Tra gli interessi che possono essere valorizzati dalle stazioni appaltanti per non procedere alla suddivisione in lotti vi è dunque anche quello dei costi cui la suddivisone in lotti può condurre.
Il bando oggetto di contestazione che ha generato la sentenza del C.diS. n. 25/2020 riguarda una procedura aperta, da aggiudicarsi secondo il criterio dell’offerta economicamente più vantaggiosa, per l’affidamento di un contratto di appalto dei servizi di portierato e assistenza aule per le sedi universitarie di Caserta e provincia, con formazione degli addetti in materia di sicurezza; gestione e manutenzione, ordinaria e straordinaria, degli impianti di video sorveglianza e antiintrusione per le sedi universitarie di Caserta e provincia e di Napoli.

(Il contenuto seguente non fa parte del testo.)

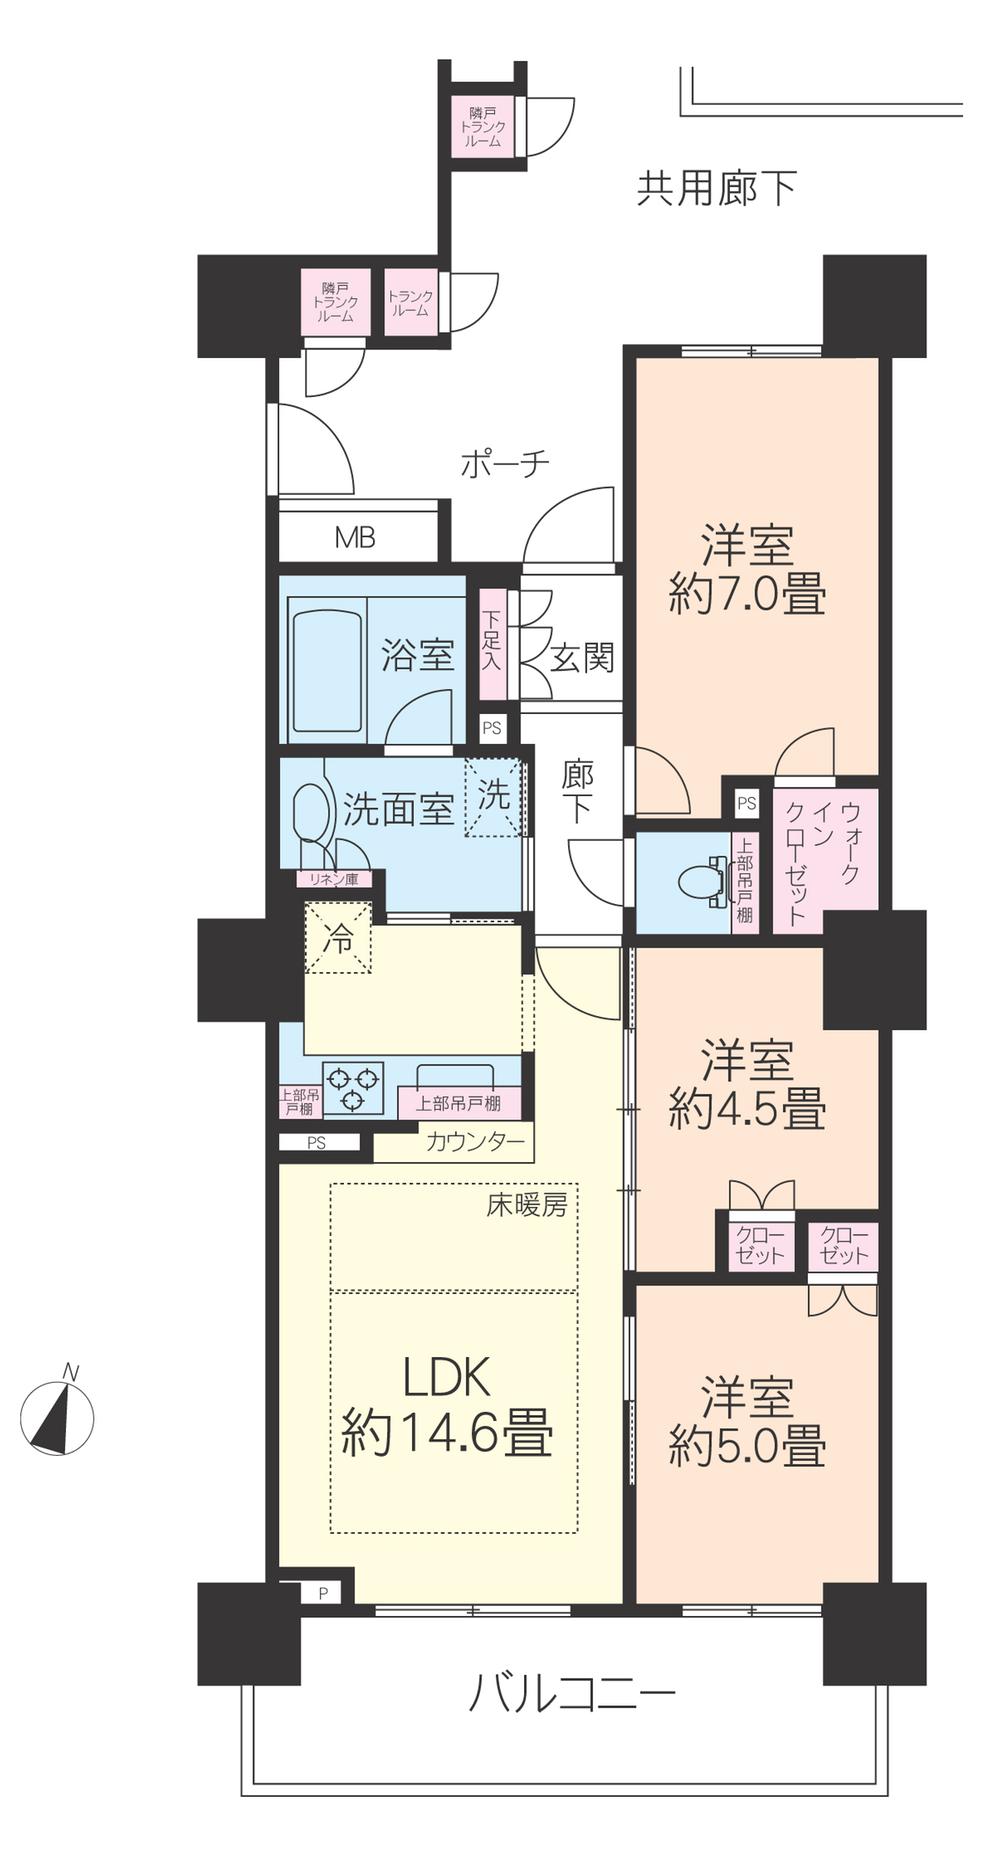 Floor plan. 3LDK, Price 47,800,000 yen, Occupied area 67.69 sq m , Balcony area 11.42 sq m 3LDK + W + trunk room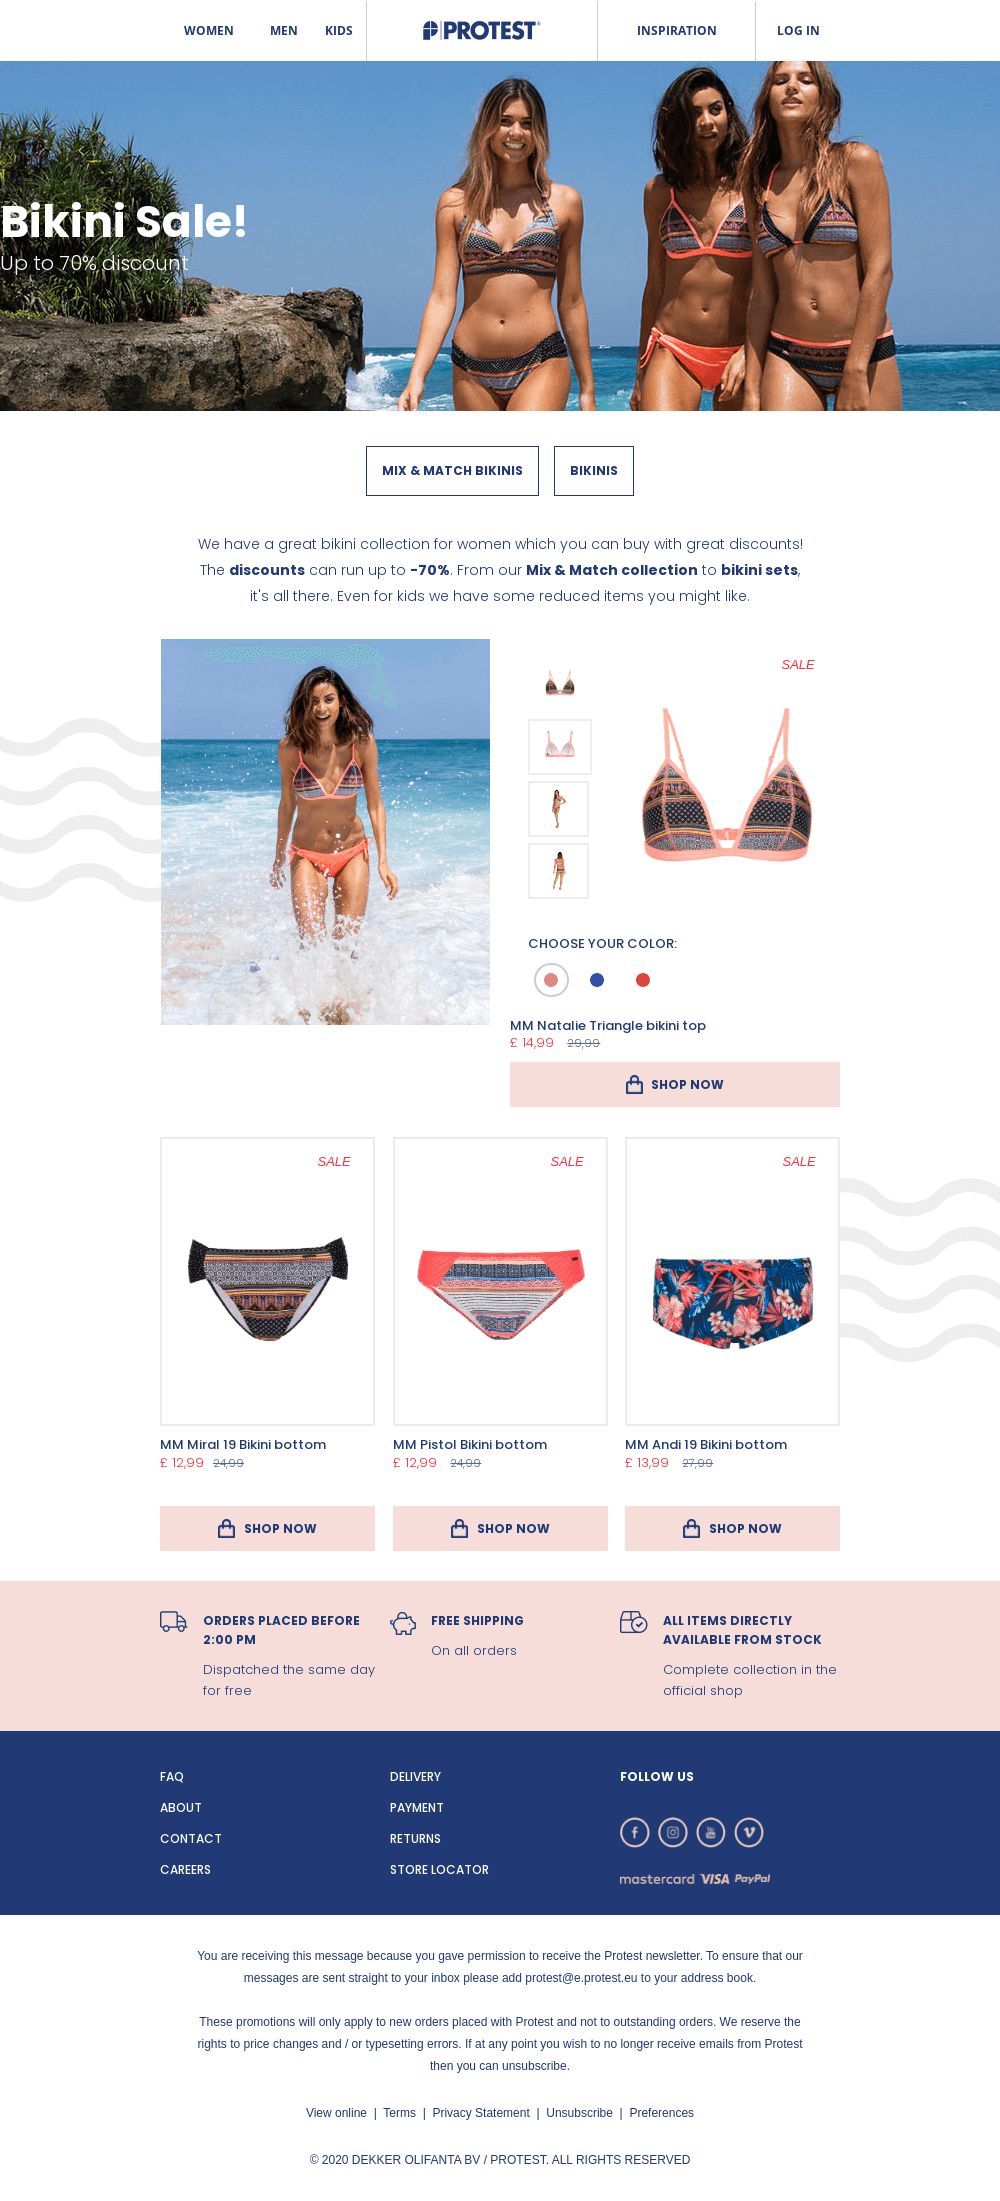 Bekritiseren Betasten Fondsen Bikini Sale! Discounts up to 70% - Desktop View | Really Good Emails

L’appalto è stato suddiviso in tre lotti, ciascuno comprendente entrambi i servizi. Il C. di S. ribalta la sentenza di primo grado del TAR Campania 25 marzo 2019 n. 01677.
Afferma il C.di S.: “Secondo la giurisprudenza di questo Consiglio (da ultimo, (Cons. Stato, III, 13 novembre 2017, n. 5224): la scelta della stazione appaltante circa la suddivisione in lotti di un appalto pubblico costituisce una decisione normalmente ancorata, nei limiti previsti dall’ordinamento, a valutazioni di carattere tecnico-economico; in tali ambiti, il concreto esercizio del potere discrezionale dell’Amministrazione deve essere funzionalmente coerente con il bilanciato complesso degli interessi pubblici e privati coinvolti dal procedimento di appalto; il potere medesimo resta delimitato, oltre che da specifiche norme del codice dei contratti, anche dai principi di proporzionalità e di ragionevolezza; a tal fine, quale corollario dell’effettività della regola generale, è posta la previsione di un specifico obbligo di motivazione (art. 51 del d.lgs. n. 50/2016), proprio perché il precetto della ripartizione in lotti è funzionale alla tutela della concorrenza.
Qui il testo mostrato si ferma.